С молитвами ко мне ходили, с песнями, наслаждался я ими, – слышу голос его шелестящий. – Сегодня чаще слышу брань. Высоко летаешь, сын мой, далеко летаешь, сын мой, останови железную птицу, сын мой, походи вокруг, помолчи под моими ветвями, сын мой…»
А железная лодка несет меня дальше. Смогу ли я ее остановить? У нее строгий маршрут и расписание, как и у меня теперь.

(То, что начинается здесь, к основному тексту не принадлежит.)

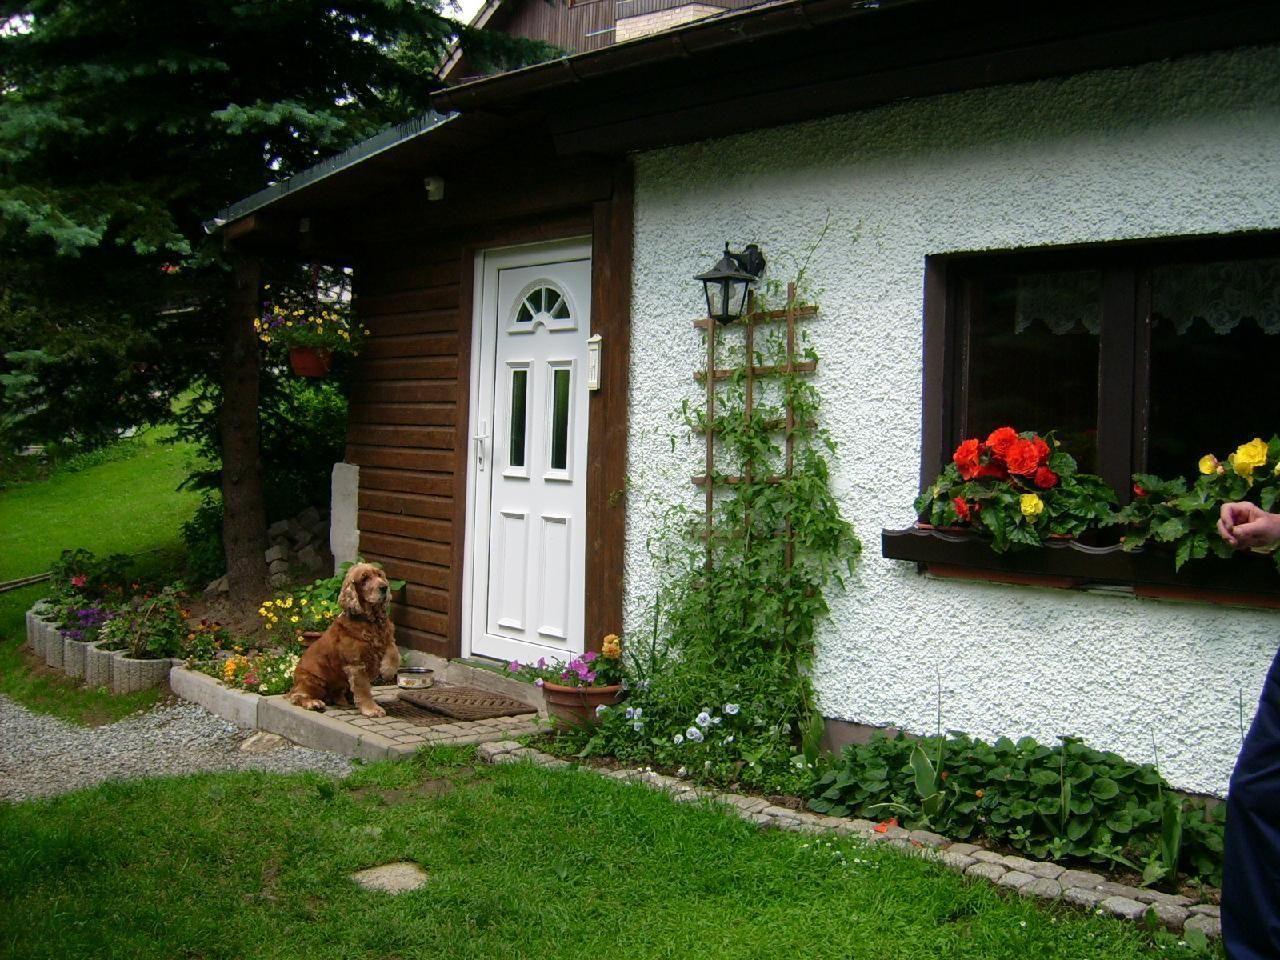 Ferienhaus in Kurort Oberwiesenthal mit Grill   Erzgebirge
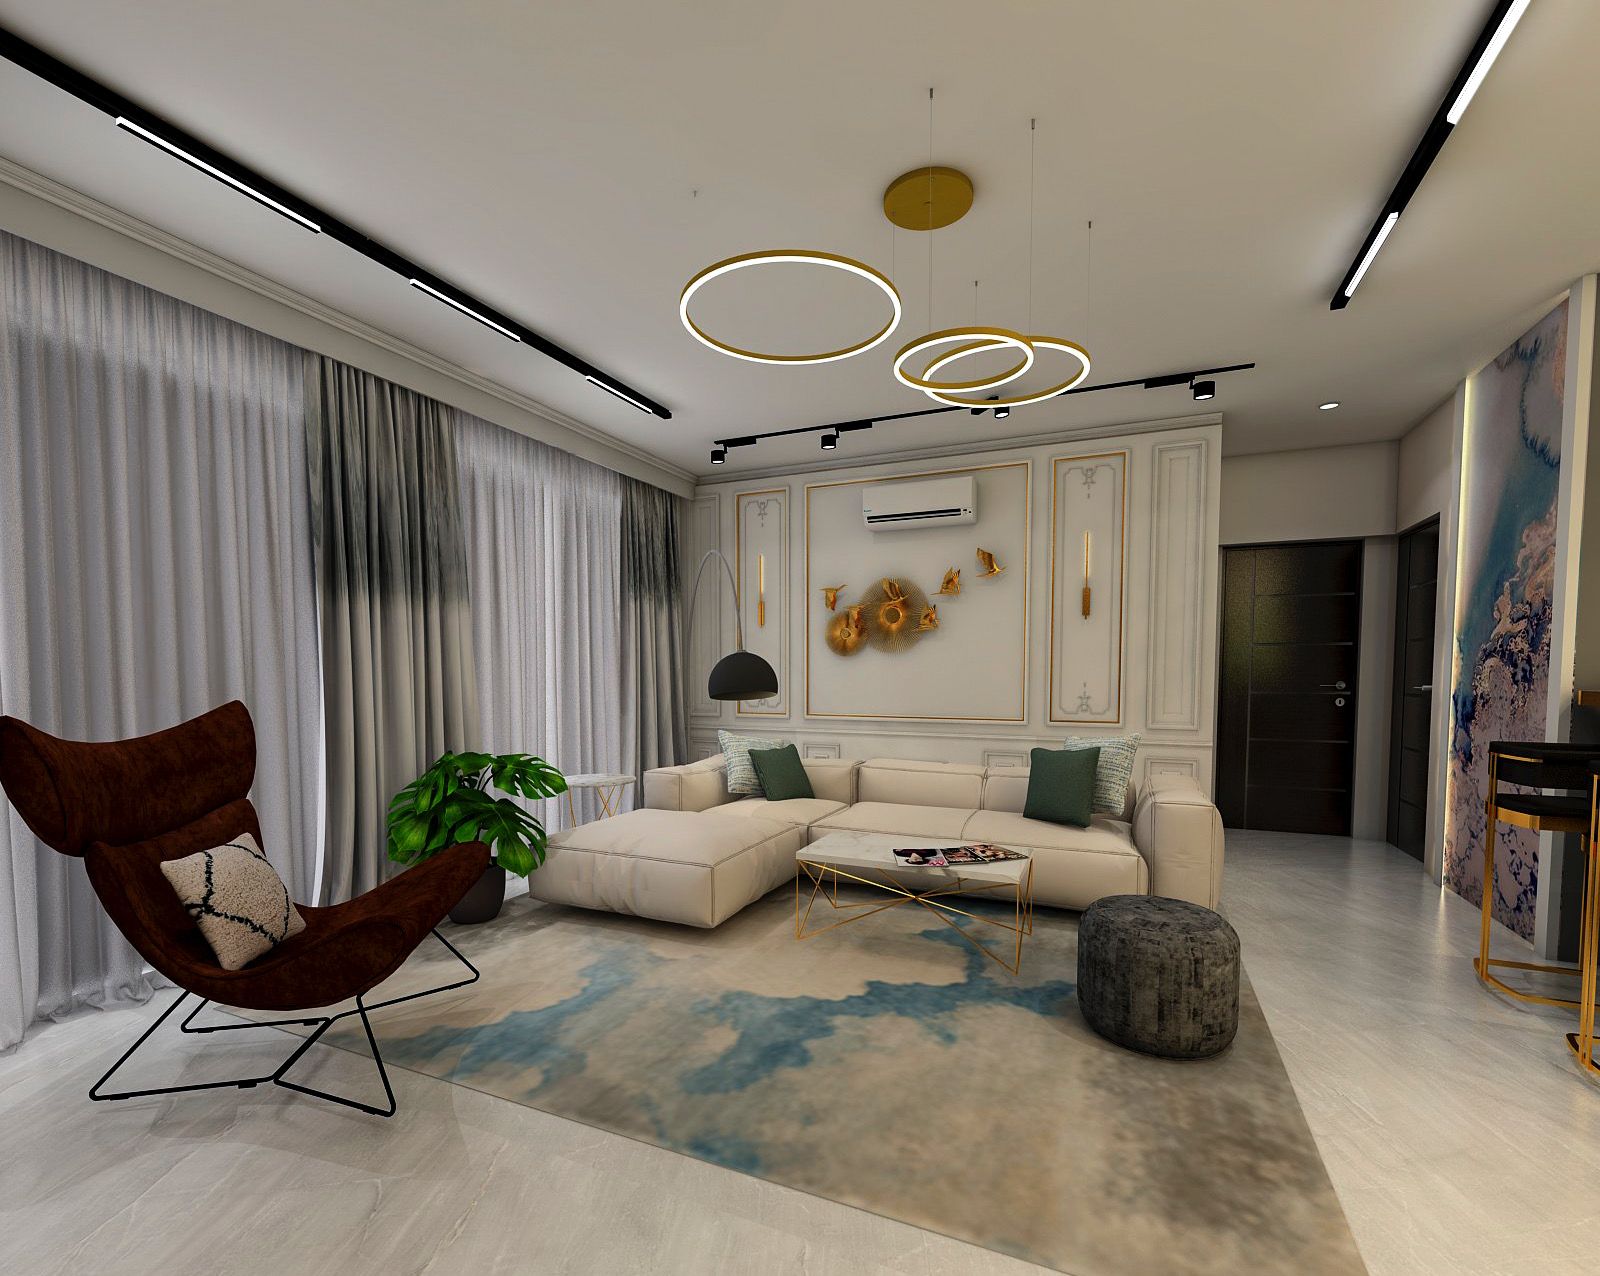 Spacious Living Room Design

– Найду, найду я время! – шепчу про себя кедру так, чтоб посторонние меня не слыхали. – Найду, найду время. И приду к тебе, как в детстве. Похожу вокруг тебя без топора острого, посижу под твоими могучими ветвями, но не с молитвой древней, а с глубокой думой. Пощелкаю орехи и скорлупки не разбросаю. В память о тебе уроню случайно орешек. И про себя скажу: «Расти, мой сын, расти!..»
7
– Ты говоришь мне: спой. Смогу ли теперь я петь? Голос мой стал скрипеть, как старый кедр, – вздыхает Солвал, глядя на берег Сосьвы, плывущий навстречу теплоходу. Солвал – так иногда зовут моего отца. Это наше родовое имя. Он говорит словно не мне, а соснам и кедрам, корнями, как руками, держащим берег мансийской реки, чтобы он не обваливался от озорных порывов ветра, от слез плаксивых туч, от радостных ручьев тающего снега. Будто эти вековые деревья только и могут его понять.
– Все сейчас поют. Большим стадом одну и ту же мелодию тянут. А настоящую песню один человек выводит. Поет так, как слезы льет, или смеется, как утреннее солнышко. И родятся слова, когда больно вот тут! – показывает Солвал на грудь пальцем.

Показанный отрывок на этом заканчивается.